Nothing looks broken, and yet no needles are selected. Weird.
Thank you for the direction

Btw: happy new year to you all.


----------



## MKEtc.com (Aug 14, 2013)

Your observation is correct. Very few moving parts. Unless the selector went out of adjustment (unlikely) I suggest to clean a few needles and see it they select. Had your issue in the past an after checking a lot of things, A good needle cleaning worked wonders.


----------



## Rita in Raleigh (Aug 20, 2011)

I also have an 820 with problems selecting the needles. My machine was very stuck also. I cleaned up many parts, but really need to take the needles out and thoroughly clean them. 

My machine will select some of the needles, some of the time, but mostly when going one way rather than both ways. 

I ran out of time to work on it but should go back to it now in the new year. 

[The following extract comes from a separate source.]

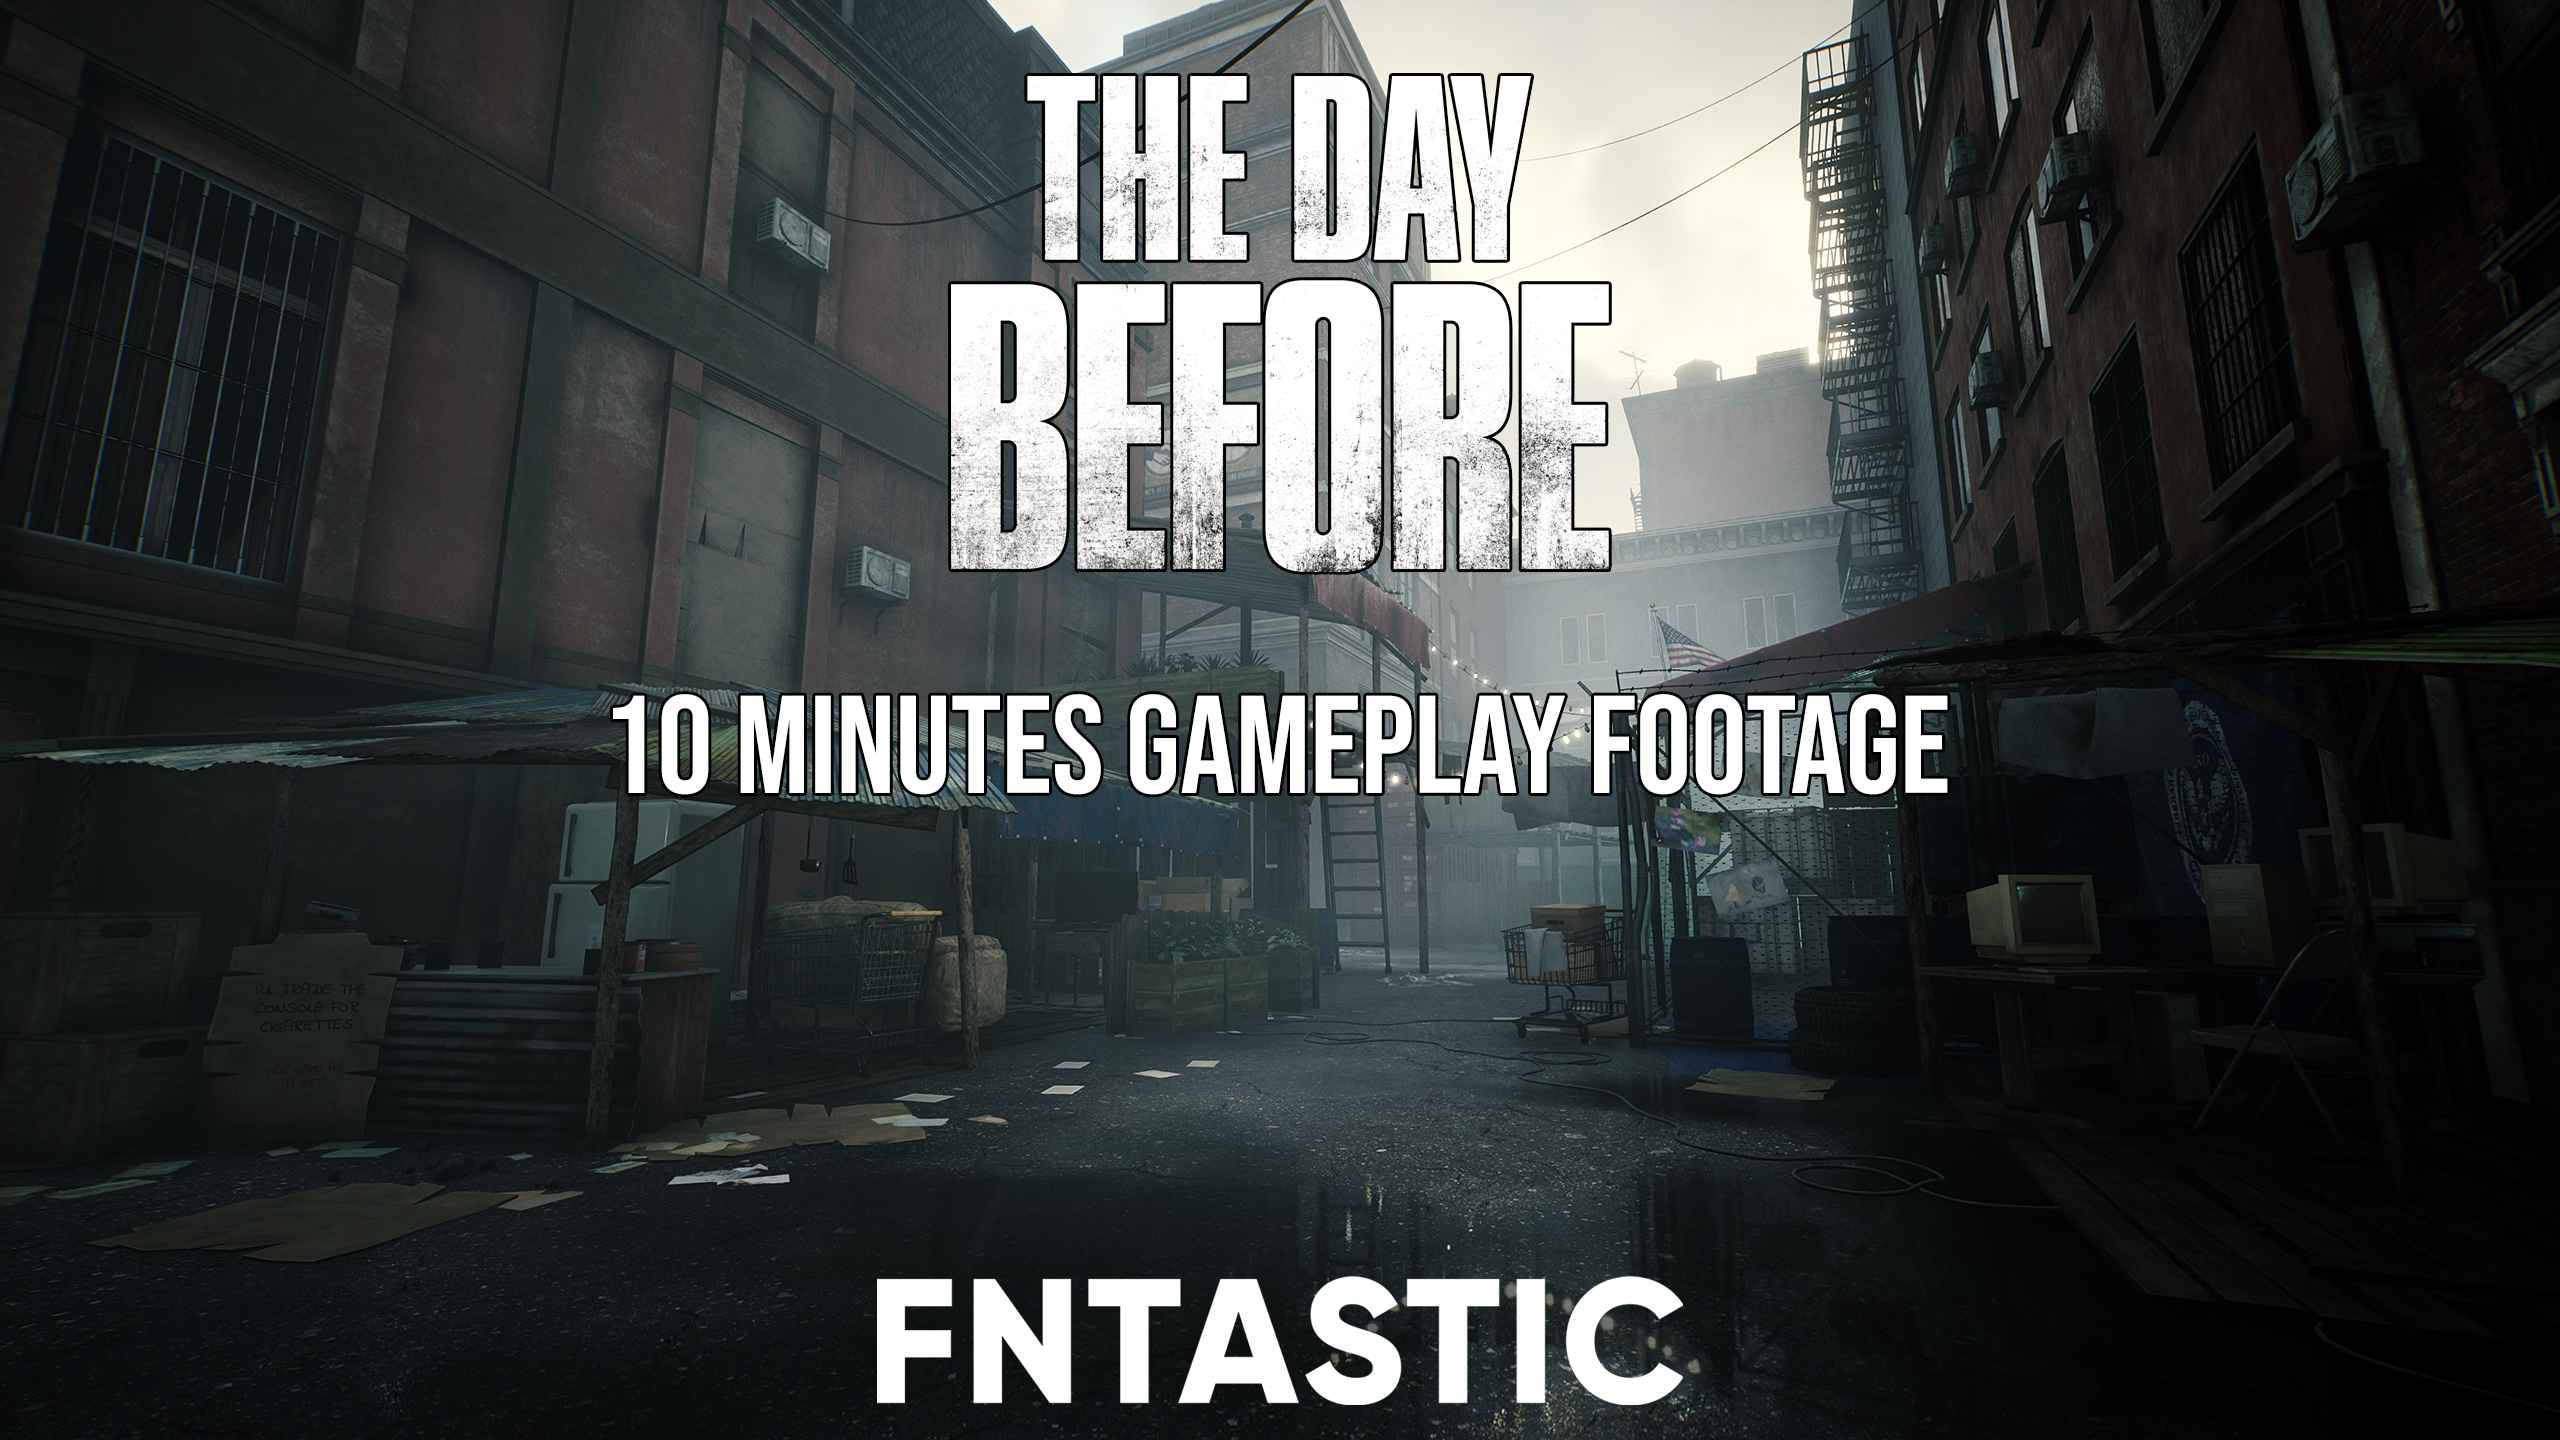 The Day Before has promised 10-minute gameplay reveal tomorrow

I used the you tube video by Jack, husband of TheAnswerLady, about disassembling a brother punchcard machine. He has 2 videos that I found: The inner workings of the brother card reader, and Trouble shooting the card reader. 

Rita in Raleigh


----------



## susieknitter (Jul 14, 2011)

The following may also help you regarding cleaning your machine.........
http://knittsings.com/how-to-take-apart-a-brother-punch-card-knitting-machine/

I might sound stupid asking this but...have you checked that the KC lever on the carriage is actually working?


----------



## Knitielizzie (Dec 16, 2013)

Does the drive belt that runs around the machine move? If the little nib on the back of the carriage isn't connecting with the belt and moving it, then the needles won't select. 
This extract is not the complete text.